Stored data>
+---+

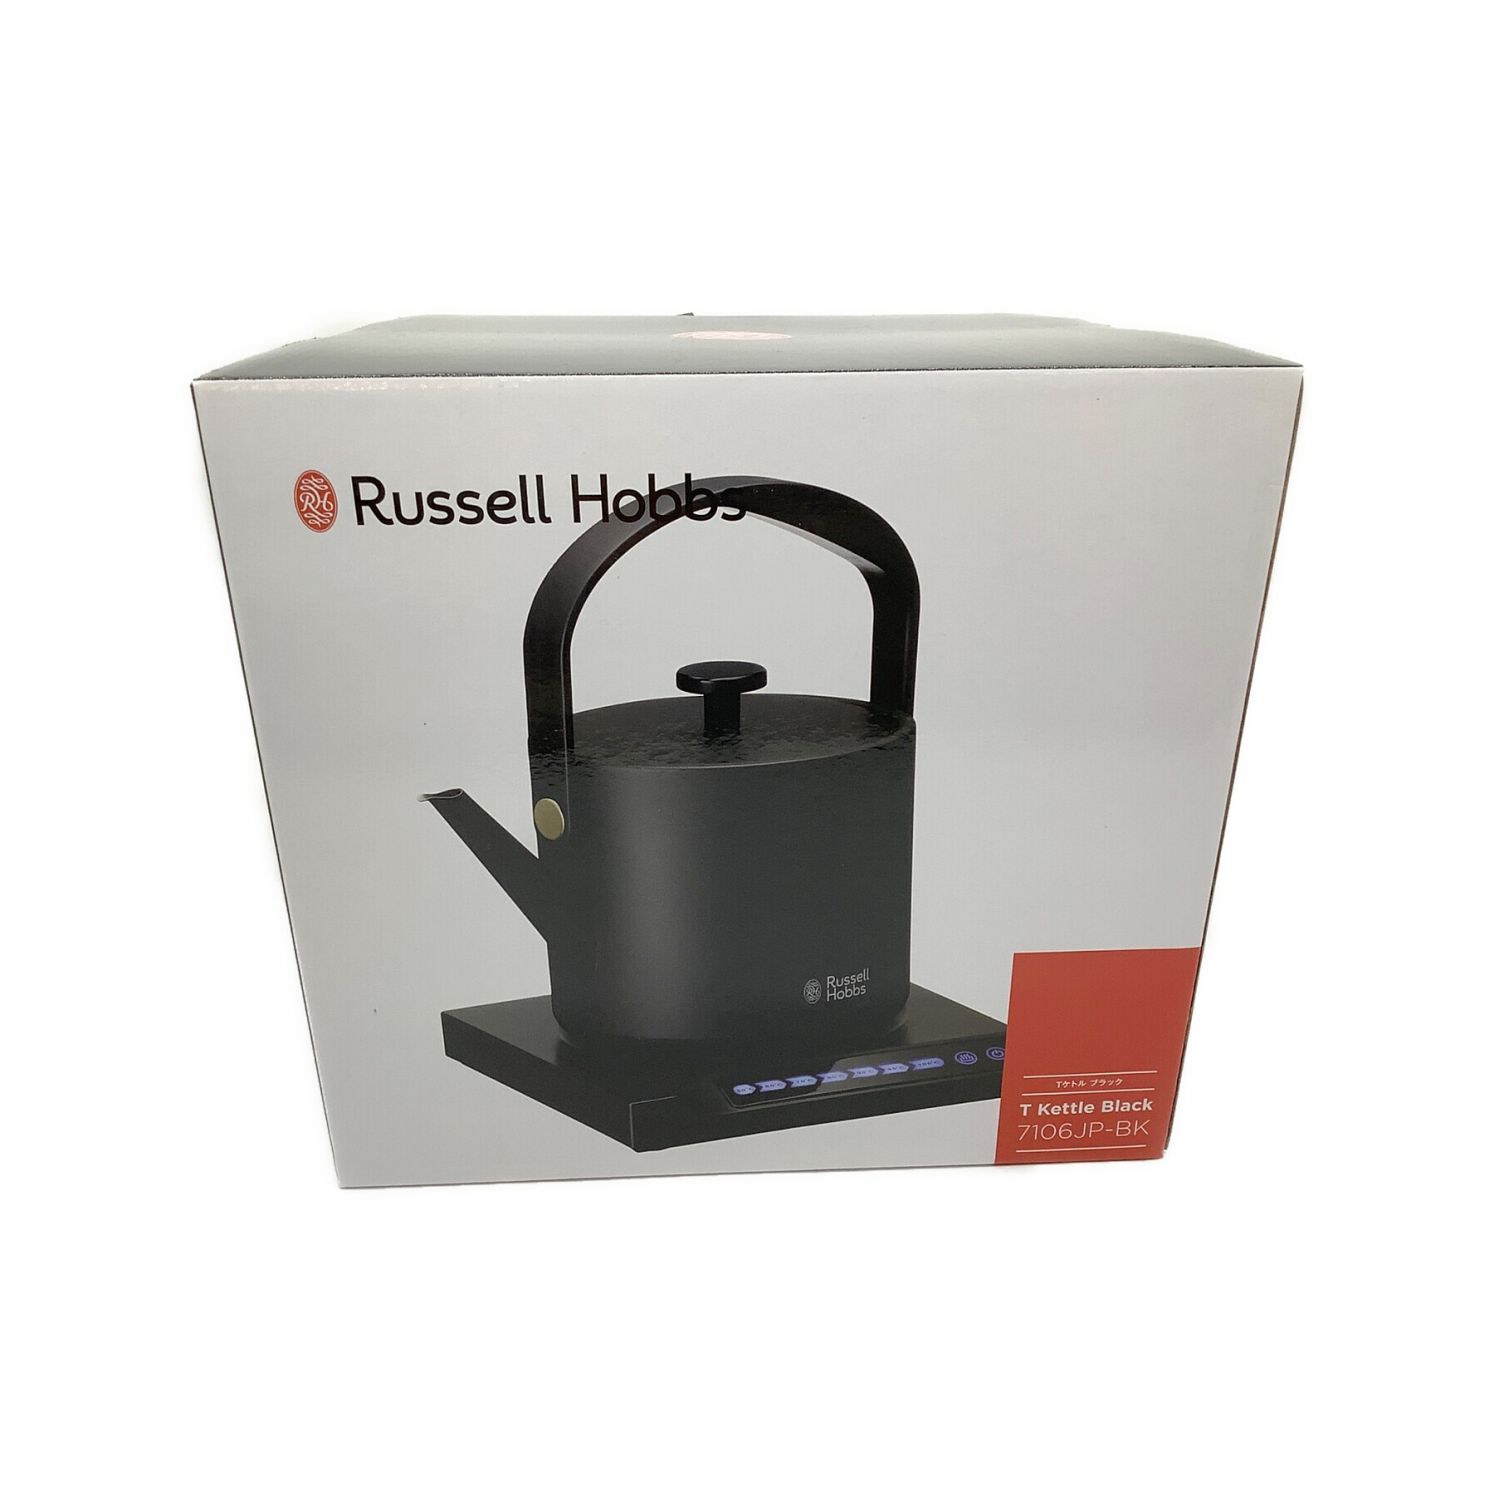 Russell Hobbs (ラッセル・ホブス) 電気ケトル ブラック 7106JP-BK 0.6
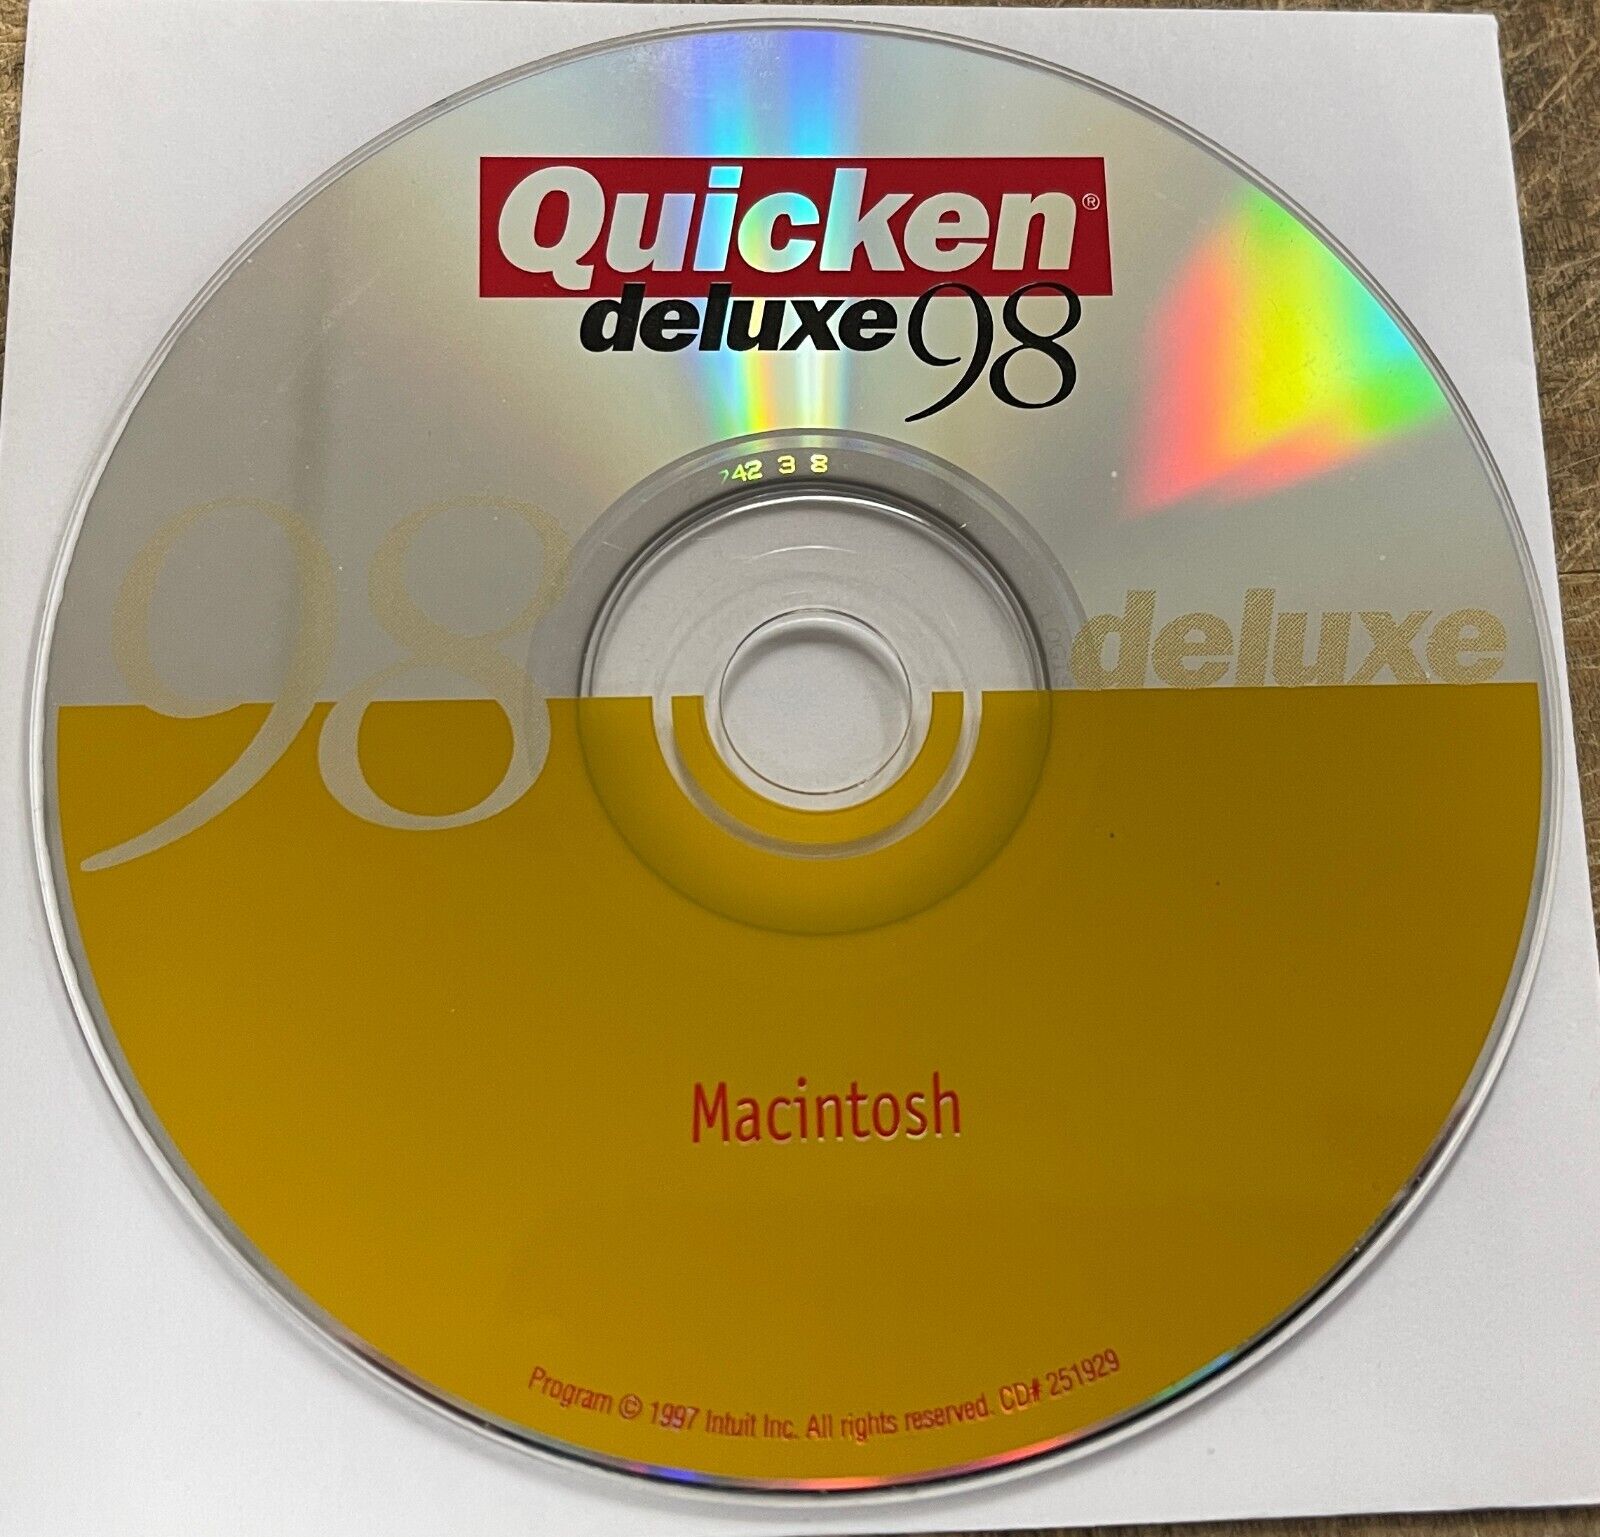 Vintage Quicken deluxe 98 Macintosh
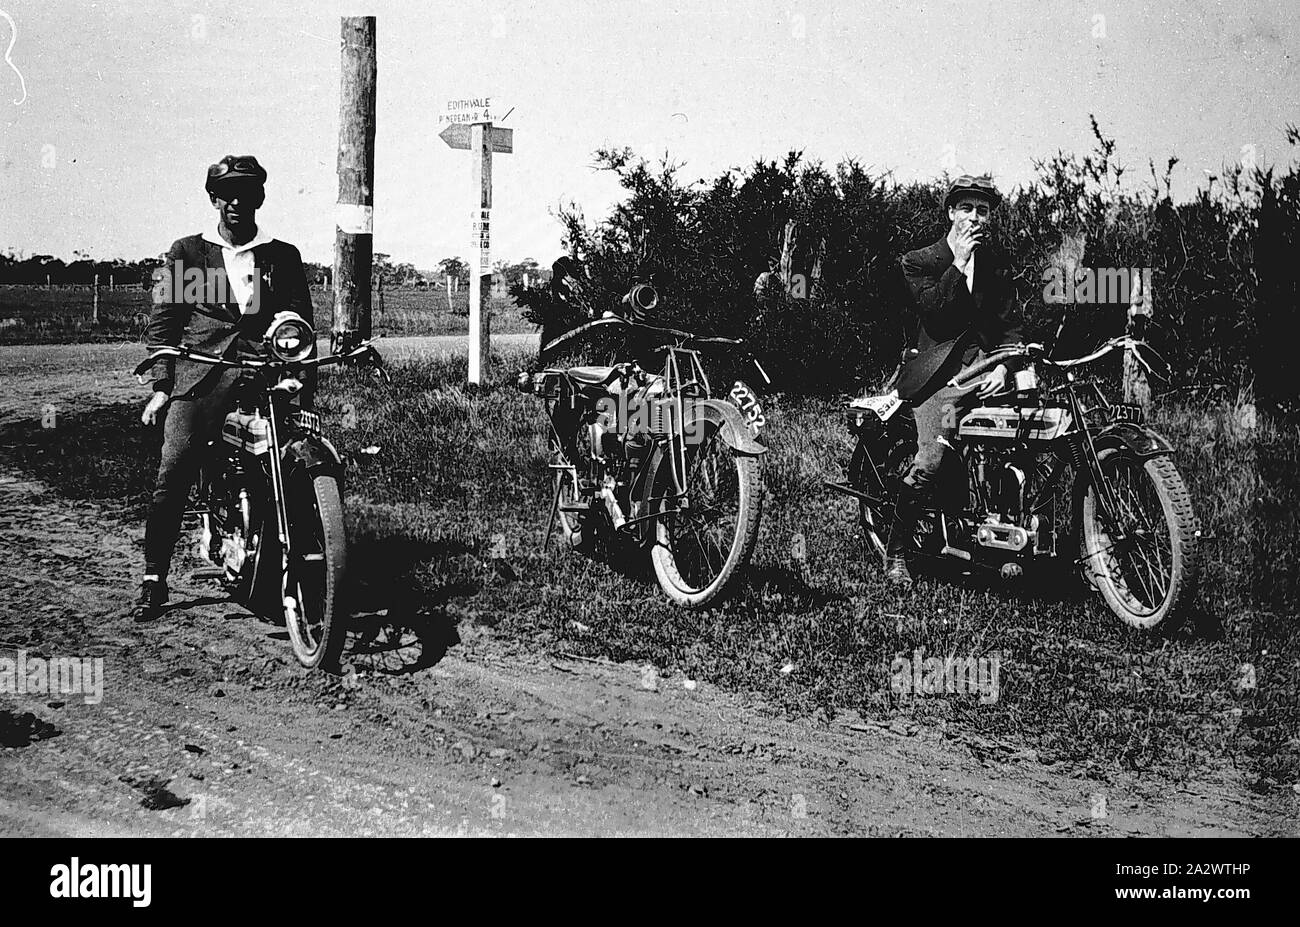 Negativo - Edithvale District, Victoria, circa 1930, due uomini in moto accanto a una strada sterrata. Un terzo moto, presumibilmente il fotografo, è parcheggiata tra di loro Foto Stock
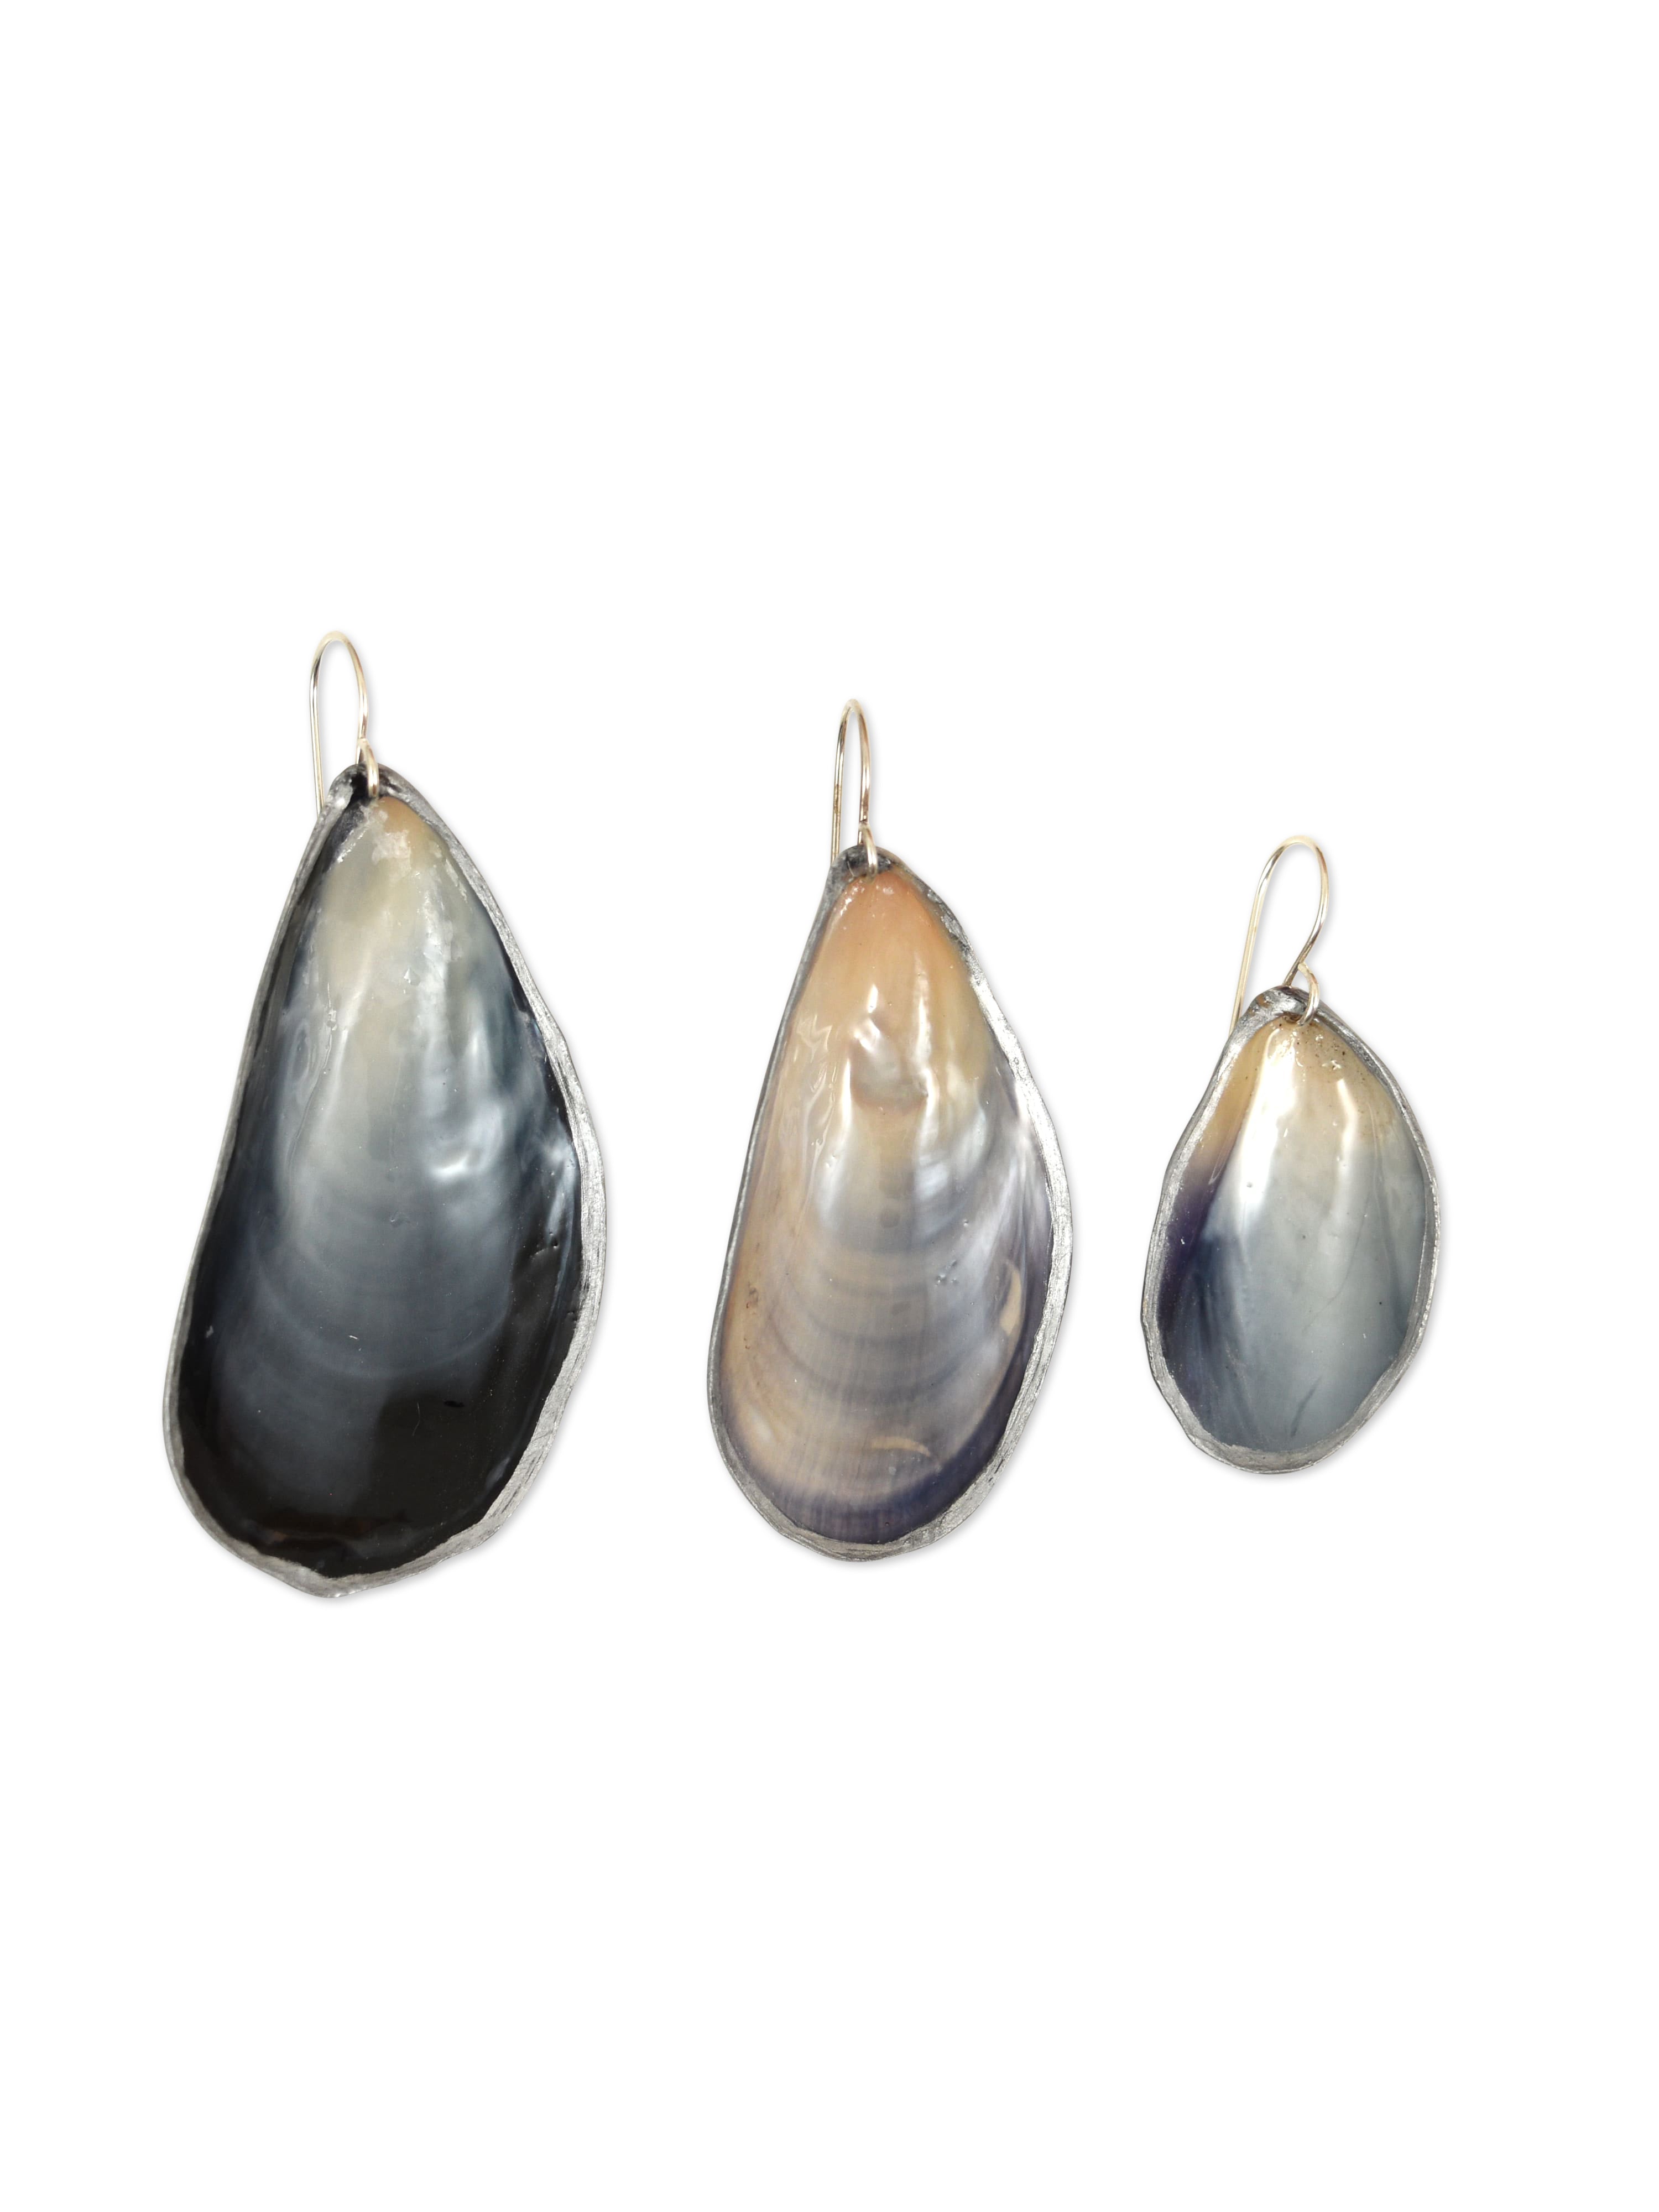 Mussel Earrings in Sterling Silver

+---+

What you return must match the material above exactly, apart from its pictures.

 Russell Hobbs (ラッセル・ホブス) 電気ケトル ブラック 7106JP-BK 0.6
 Vintage Quicken deluxe 98 Macintosh
 Negativo - Edithvale District, Victoria, circa 1930, due uomini in moto accanto a una strada sterrata. Un terzo moto, presumibilmente il fotografo, è parcheggiata tra di loro Foto Stock
 Mussel Earrings in Sterling Silver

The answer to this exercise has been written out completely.